Hepatitis A refers to liver inflammation caused by infection with the hepatitis A virus (HAV). The HAV is one of several viruses that can cause hepatitis and is one of the 3 most common hepatitis viruses in the United States. The other 2 are hepatitis B and hepatitis C viruses. The presence of anti-HAV IgM in serum indicates the acute or early convalescent stage of HAV infection. Although several commercial tests are available to aid in diagnosis, the lack of available high titer plasma for positive control, due to the short window of the IgM response following infection (5--10 weeks after exposure) and the low U.S. incidence of the HAV (one in 20,000 or 5 cases per 100,000) is a persistent problem. Samples collected prior to 4 and later than 12 weeks from exposure to HAV often demonstrate anti-HAV IgM titers too low to be useful as a positive control. A low titer stock of anti-hepatitis A (HAV-IgM) with a signal-to-cut-off ratio of &sim3 is abundantly available. It requires at least a 5-fold enrichment before it can be used in medical diagnostic devices. In order to achieve this goal, we have developed a simple two-step process for enrichment. The first step consists of a fractionation of plasma proteins by ammonium sulfate (A/S) precipitation. The second step is the use of a Pellicon concentrator of molecular weight cut-off of 500 kD. Identity of the enriched anti-HAV IgM product was evaluated by SDS-PAGE and Western blotting. The functionality of IgM was evaluated by ELISA, Abbott AxSYM HAVAB-M 2.0, Abbott AxSYM HAVAB 2.0, DiaSorin ETI-HA-IGMK PLUS, and DiaSorin ETI-AB-HAVK PLUS assays. The enriched anti-HAV IgM was formulated in normal human plasma and was found to be stable for 11 days at 37°C. This was translated to 15 months of stability at 2--8°C by the Arrhenius plotting model (Kannen 1964). In addition to the enriched anti-HAV IgM product, the process should be amenable to production of IgM-positive controls from low-titer anti-HBcore IgM, anti-Toxoplasma IgM, and anti-CMV IgM plasma, as well as from other disease-state plasma where high titer IgM plasma is in short supply.
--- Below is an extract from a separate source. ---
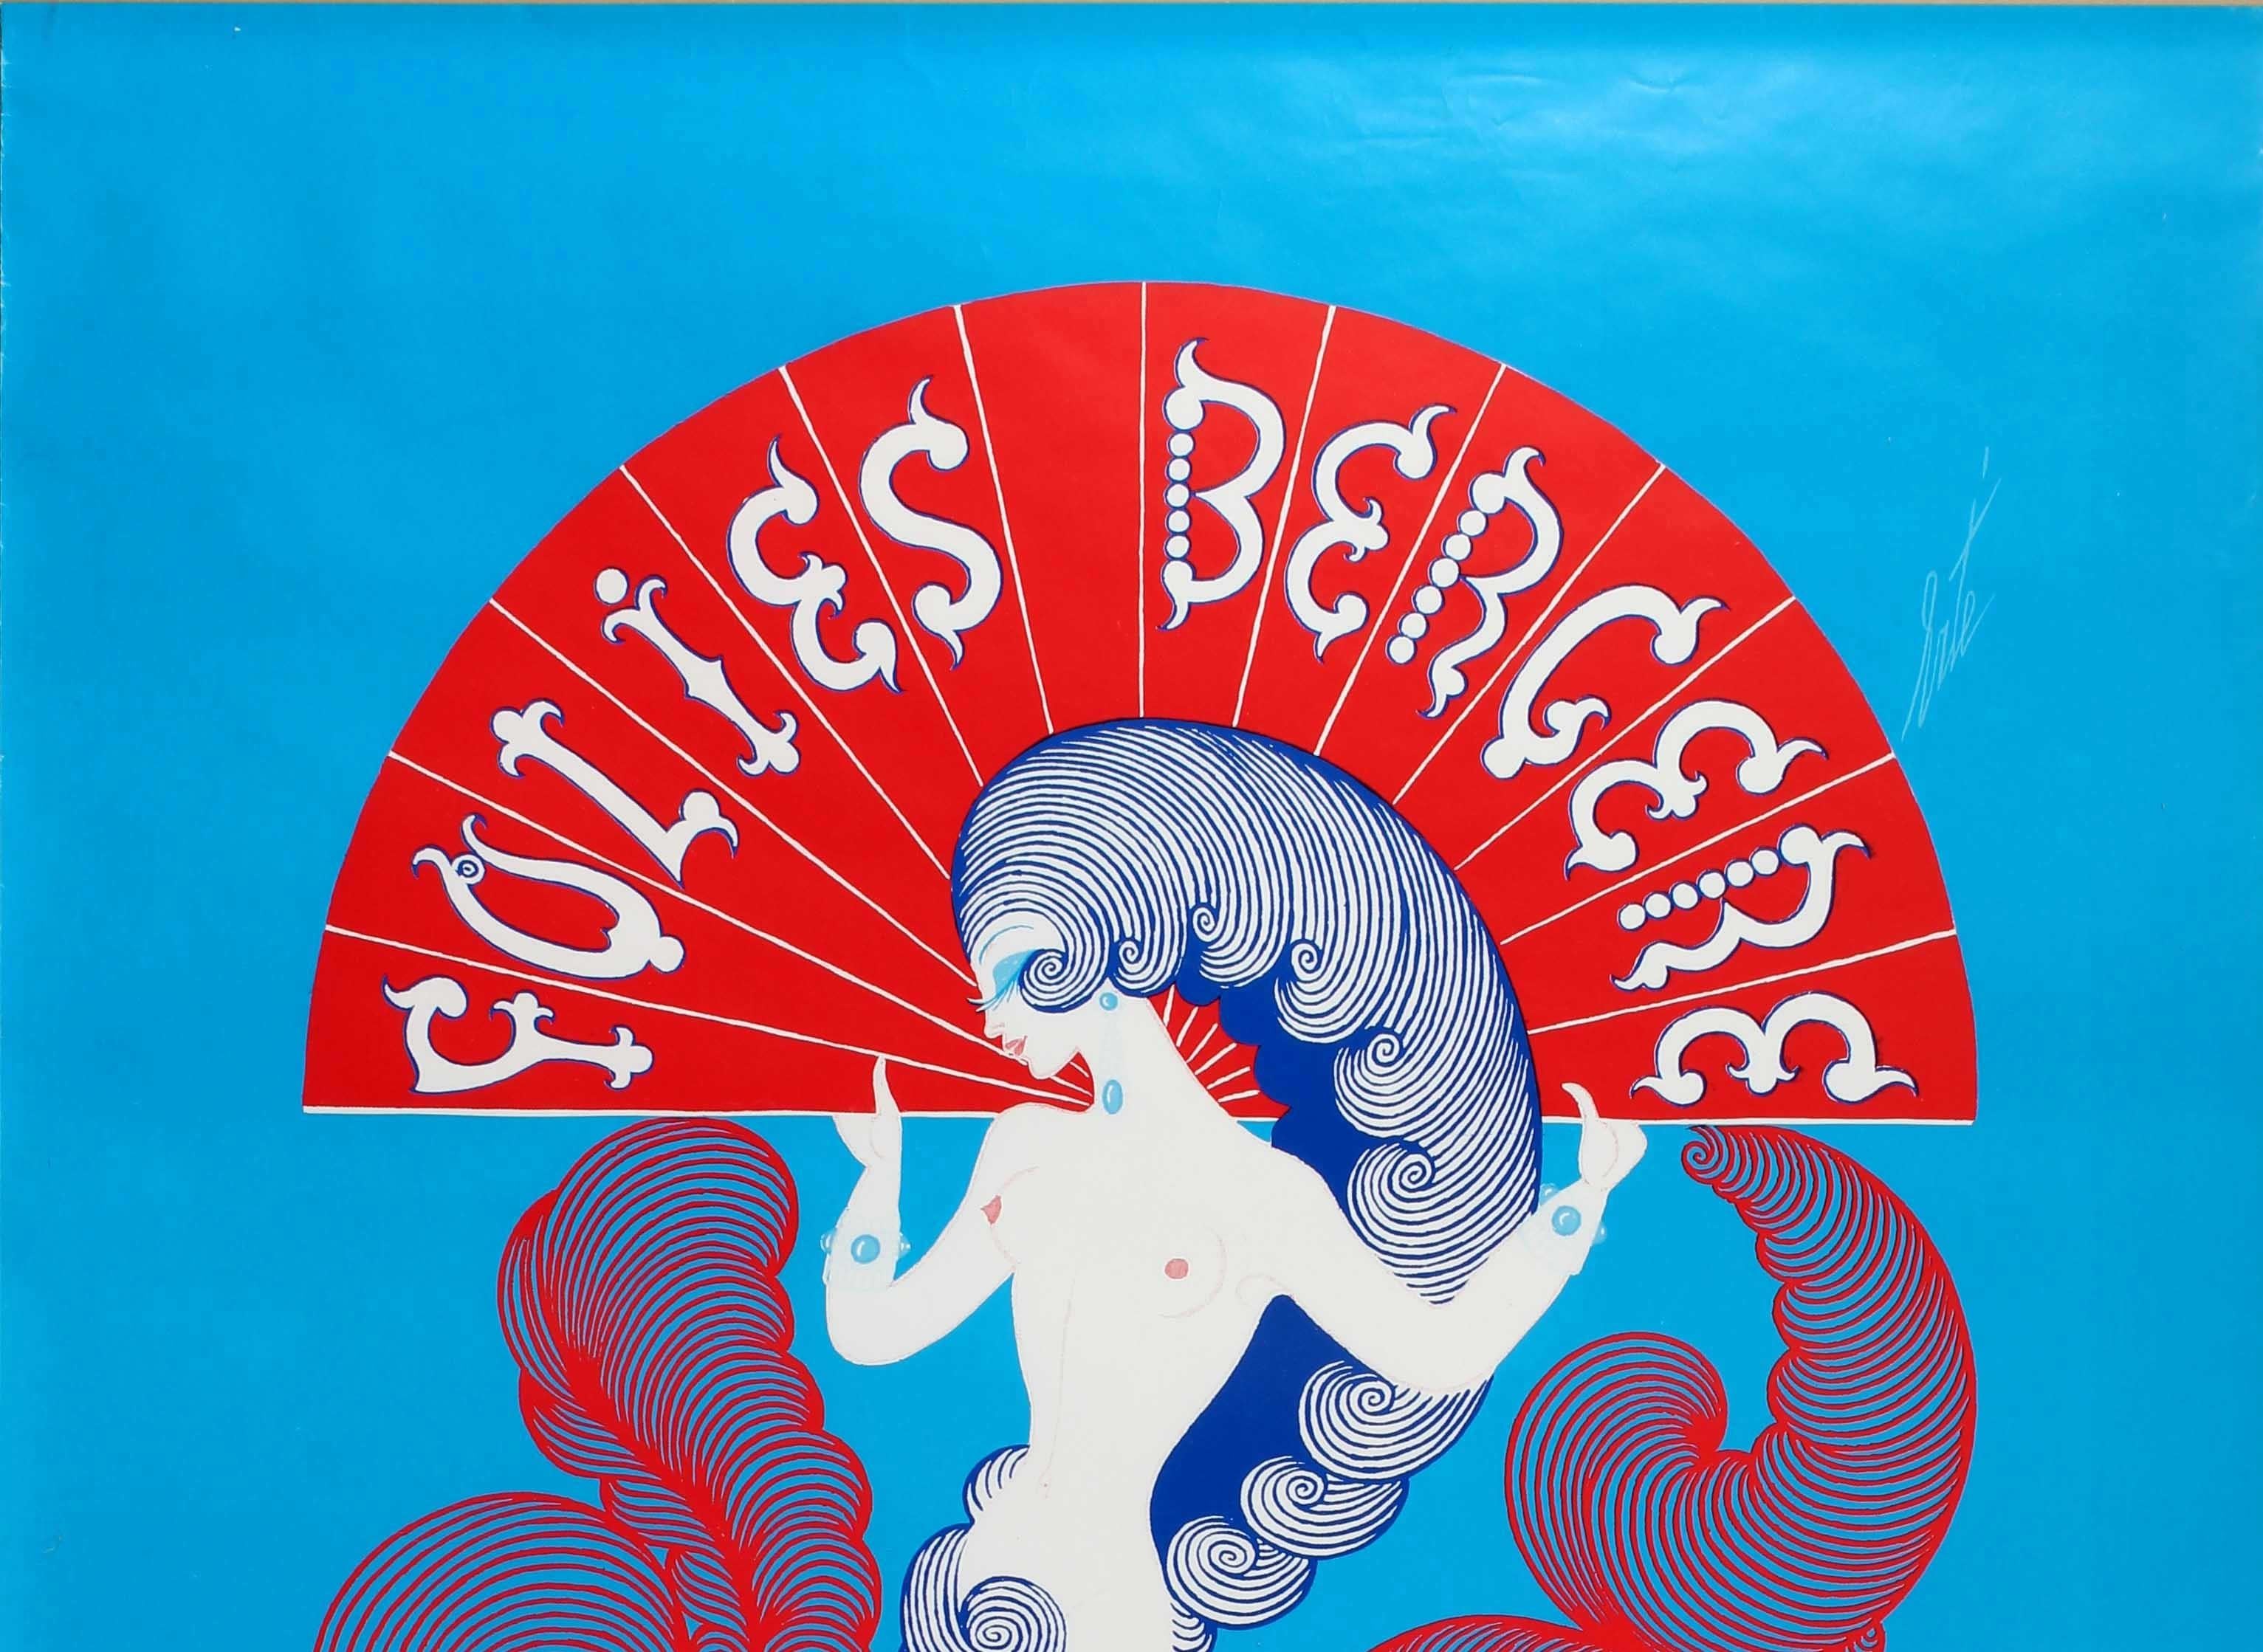 Original vintage advertising poster for the famous French cabaret music show Folies Bergere - The new revue by Helene Martini with direction, set design and costume by Michel Gyarmathy. Colourful illustration by the notable artist and designer Erte

机译:甲型肝炎是指由甲型肝炎病毒(HAV)感染引起的肝脏炎症。 HAV是可能引起肝炎的几种病毒之一,并且是美国3种最常见的肝炎病毒之一。其他2种是乙型肝炎和丙型肝炎病毒。血清中存在抗HAV IgM,表明HAV感染处于急性或恢复期。尽管有几种商业测试可用于帮助诊断,但由于感染后(暴露后5--10周)IgM反应时间短且美国HAV发生率较低,因此缺乏可用于阳性对照的高滴度血浆(20,000例中的一个或每100,000中5例)是一个持续存在的问题。暴露于HAV之前4周和之后12周之后收集的样品通常显示出抗HAV IgM滴度太低,无法用作阳性对照。低滴度的抗甲型肝炎病毒(HAV-IgM)的信噪比为&sim3。它至少需要浓缩5倍,才能用于医疗诊断设备。为了实现此目标,我们开发了一个简单的两步富集过程。第一步包括通过硫酸铵(A / S)沉淀分离血浆蛋白。第二步是使用截留分子量为500 kD的Pellicon浓缩器。通过SDS-PAGE和蛋白质印迹评估富集的抗HAV IgM产物的身份。通过ELISA,Abbott AxSYM HAVAB-M 2.0,Abbott AxSYM HAVAB 2.0,DiaSorin ETI-HA-IGMK PLUS和DiaSorin ETI-AB-HAVK PLUS分析评估了IgM的功能。在正常人血浆中配制了丰富的抗HAV IgM,发现在37℃下稳定11天。通过Arrhenius绘图模型(Kannen 1964)将其转换为在2--8°C下15个月的稳定性。除了丰富的抗HAV IgM产品外,该过程还应适用于从低滴度抗HBcore IgM,抗弓形虫IgM和抗CMV IgM血浆以及其他疾病中产生IgM阳性对照状态血浆,其中高滴度IgM血浆供不应求。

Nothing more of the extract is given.